Large language models (LLMs) exhibit inflated performance in scientific equation discovery due to spurious memorization of training data, undermining their true causal reasoning capability. To address this, we introduce LLM-SRBench—the first rigorous benchmark for symbolic regression, comprising 239 nontrivial equation discovery tasks spanning physics, chemistry, biology, and engineering. We propose a dual-path evaluation paradigm: LSR-Transform (assessing robustness to algebraic form transformations) and LSR-Synth (evaluating de novo symbolic synthesis), with test cases generated via domain-informed physical modeling and memory-free symbolic synthesis. Comprehensive evaluation across state-of-the-art models—including GPT, Llama, and Qwen—reveals a maximum symbolic accuracy of only 31.5%, confirming severe limitations in causal and compositional reasoning. LLM-SRBench thus establishes a new authoritative standard for evaluating LLMs in scientific discovery.

Scientific equation discovery is a fundamental task in the history of scientific progress, enabling the derivation of laws governing natural phenomena. Recently, Large Language Models (LLMs) have gained interest for this task due to their potential to leverage embedded scientific knowledge for hypothesis generation.

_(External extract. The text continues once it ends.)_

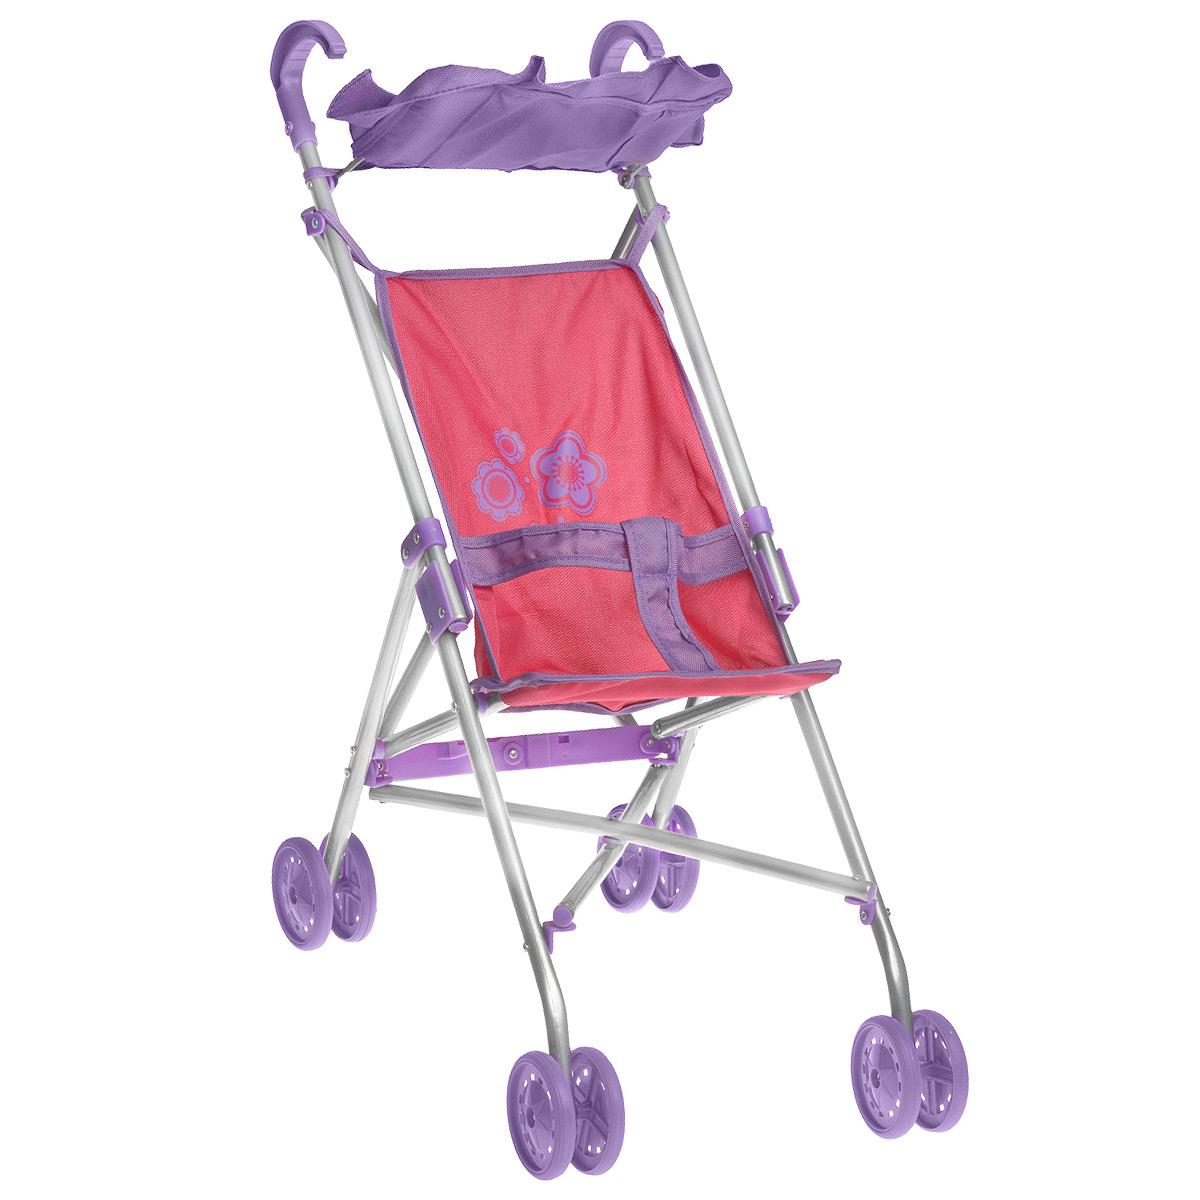 Mary Poppins Коляска-трость для кукол Цветок цвет сиреневый розовый67123Легкая складная коляска-трость для кукол Mary Poppins Цветок очень компактна, удобна в эксплуатации и комфортабельна. Каркас коляски выполнен из облегченного металла, элементы из ткани легко снимаются для стирки. На сиденье имеются специальные ремни, чтобы кукла не упала. Прогулочная коляска оснащена козырьком, двумя удобными ручками и поворотными маневренными колесами. Коляска-трость легко складывается, в сложенном виде занимает мало места, поэтому ее удобно хранить. Играть с коляской можно как в помещении, так и на улице, что несомненно порадует вашу малышку, ведь теперь свою любимую куклу она сможет брать с собой на прогулки! Игрушка предназначена для сюжетно-ролевых игр, способствующих развитию фантазии, формированию эмоциональной отзывчивости и социализации ребенка.

However, evaluating the true discovery capabilities of these methods remains challenging, as existing benchmarks often rely on common equations that are susceptible to memorization by LLMs, leading to inflated performance metrics that do not reflect discovery. In this paper, we introduce LLM-SRBench, a comprehensive benchmark with 239 challenging problems across four scientific domains specifically designed to evaluate LLM-based scientific equation discovery methods while preventing trivial memorization. Our benchmark comprises two main categories: LSR-Transform, which transforms common physical models into less common mathematical representations to test reasoning beyond memorized forms, and LSR-Synth, which introduces synthetic, discovery-driven problems requiring data-driven reasoning. Through extensive evaluation of several state-of-the-art methods, using both open and closed LLMs, we find that the best-performing system so far achieves only 31.5% symbolic accuracy. These findings highlight the challenges of scientific equation discovery, positioning LLM-SRBench as a valuable resource for future research.